为了弥补这种发展鸿沟,作者开源了一个基于HuggingFace开源库[4]的序列推荐包Transformers4Rec,目的是希望推荐系统社区能够更快地follow到NLP社区在Transformers中的进展,并在序列/会话推荐任务中实现开箱即用。完整的代码开源在了github。
近年来,关于序列推荐的工作也是层出不穷,survey[5]集中展示了基于深度学习的序列推荐研究进展。在大部分的序列推荐场景中,可能都只用了用户最新的交互行为数据,或者由于用户是匿名的,所以只能用到当前会话session下的序列行为,这也就是典型的session会话推荐场景,属于序列推荐中的一种。

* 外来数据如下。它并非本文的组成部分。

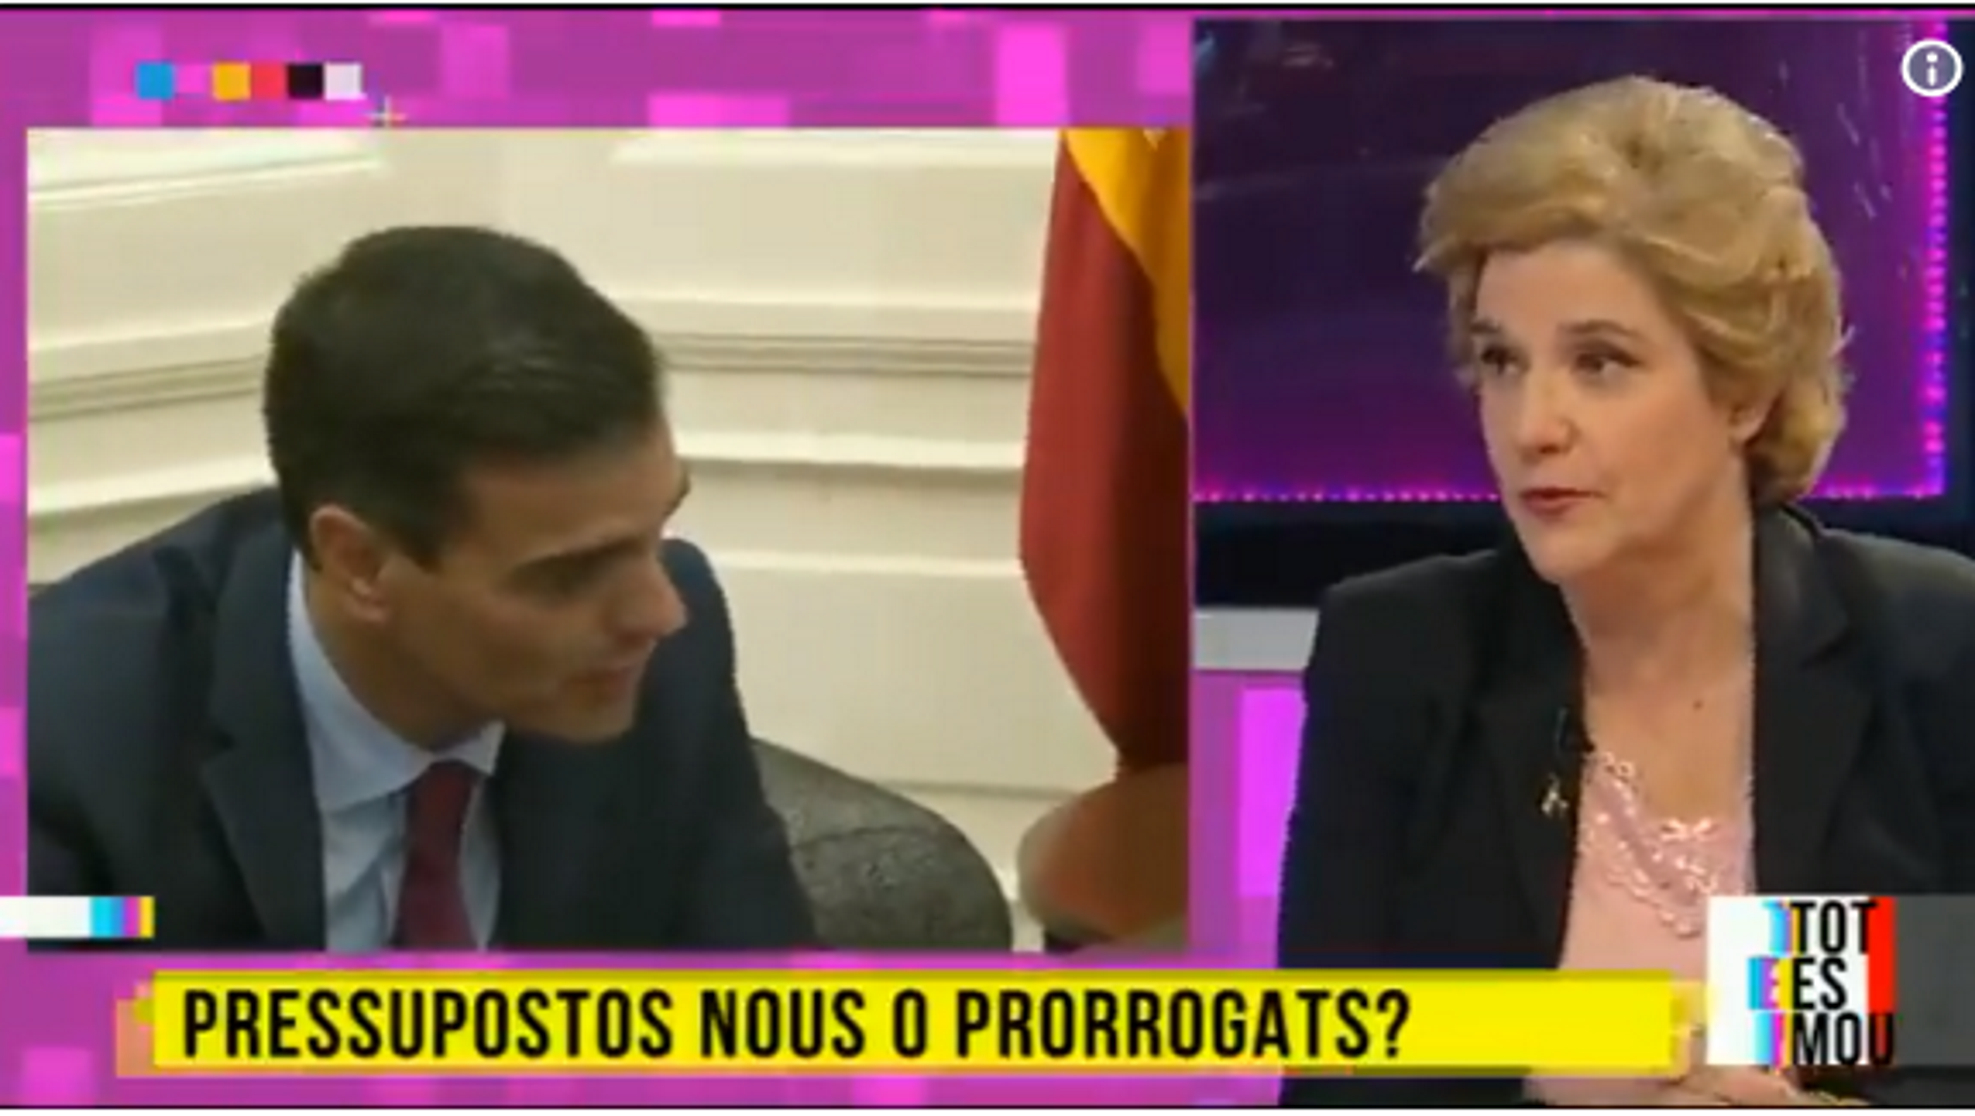 Rahola: "Hay mucho malestar y Torra y Puigdemont tienen una posición dura con los presupuestos"
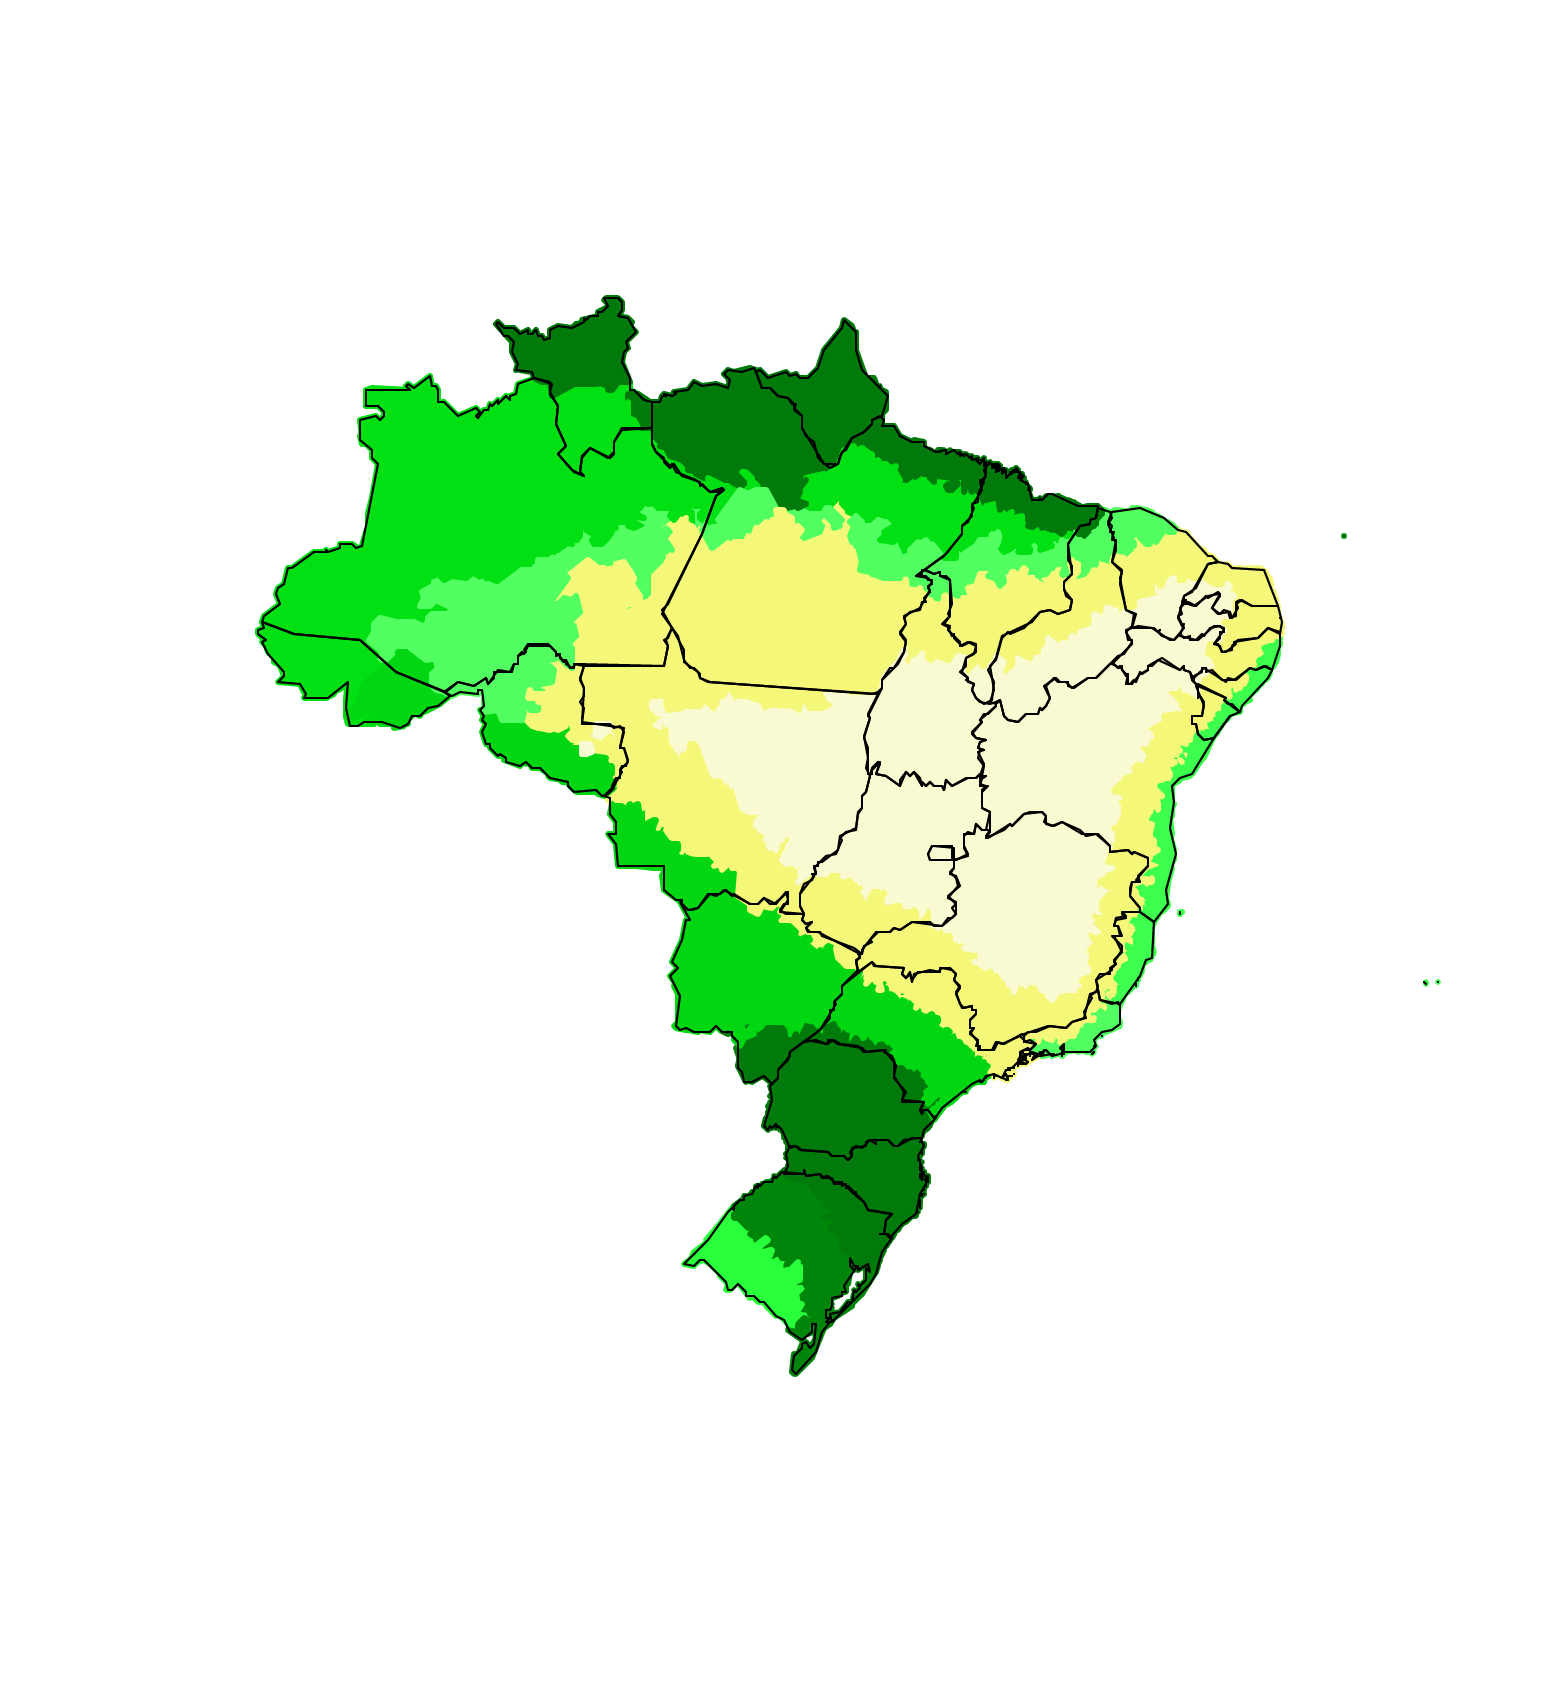 Mapa do Brasil feito pelo Inmet aponta previsão de chuvas fortes no Sul e no extremo norte do país nesta quinta-feira (10/6) (Foto: Inmet)

在最近10年内,大部分序列推荐的工作是在NLP发展的基础上开展的,个人认为主要是因为三方面:
NLP发展始终快推荐系统一步,而二者的抽象问题又非常相似,且文本是推荐系统中重要的side information,因此很容易出现推荐系统社区研究人员在NLP社区的研究进展的基础上,直接应用或改进后用到推荐系统中。
早期非深度学习时代,推荐系统受NLP的影响工作例如:
进入深度学习时代后,NLP对推荐系统的影响就更加深远了,先看一张图:
除了上述研究之外,还有不少最新前沿的推荐系统研究实际上也是深受NLP领域的影响,有一些还有着推荐系统领域"独特的味道"。
Transfromers4Rec工作实际上也是受到Transfomers、BERT以及NLP开源社区的影响所产生的。不同领域之间互相影响当然也是件好事,例如NLP领域也经常借鉴CV领域的成果,例如残差网络、CNN等等。
从上面的介绍,我们可以看到NLP研究进展如何深远的影响着推荐系统的研究,可以说推荐系统的发展很大程度上是在NLP的肩膀上前进的。
到目前为止,我们看到的大多是单向影响,即:起步较早的领域深度影响着新兴领域,那么是否存在反哺的现象呢?也算是本篇文章的一个遗留问题,例如:推荐系统社区是否有反哺NLP社区呢? 这个问题可能也等价于推荐系统是否有一些独创/开创性的研究,是已经或有可能潜在影响其他领域的研究?(可能是个知乎好问题)。
这个问题也很大,需要花一些时间去学习和积累才能感受到。以读者目前的浅薄认知而言,我觉得有,至少我认为推荐系统在工程架构方面的进展是前沿的,是领先其他领域的。比如:实时推理引擎如TF Serving那一套,最早是服务于大规模实时推荐系统的,但对NLP尤其是预训练模型做实时serving还是有帮助的,小规模场景开箱即用,大规模场景做TF Serving优化后,也能使用。还有比如推荐系统中算首创的工作协同过滤或特征交互的研究进展,经典的FM等,也能一定程度上启发NLP研究。还有比如搜索/推荐场景常用的多阶段pipeline,召回+粗排+精排,也经常用在对话系统中。更多的以后有机会可以一起探讨探讨。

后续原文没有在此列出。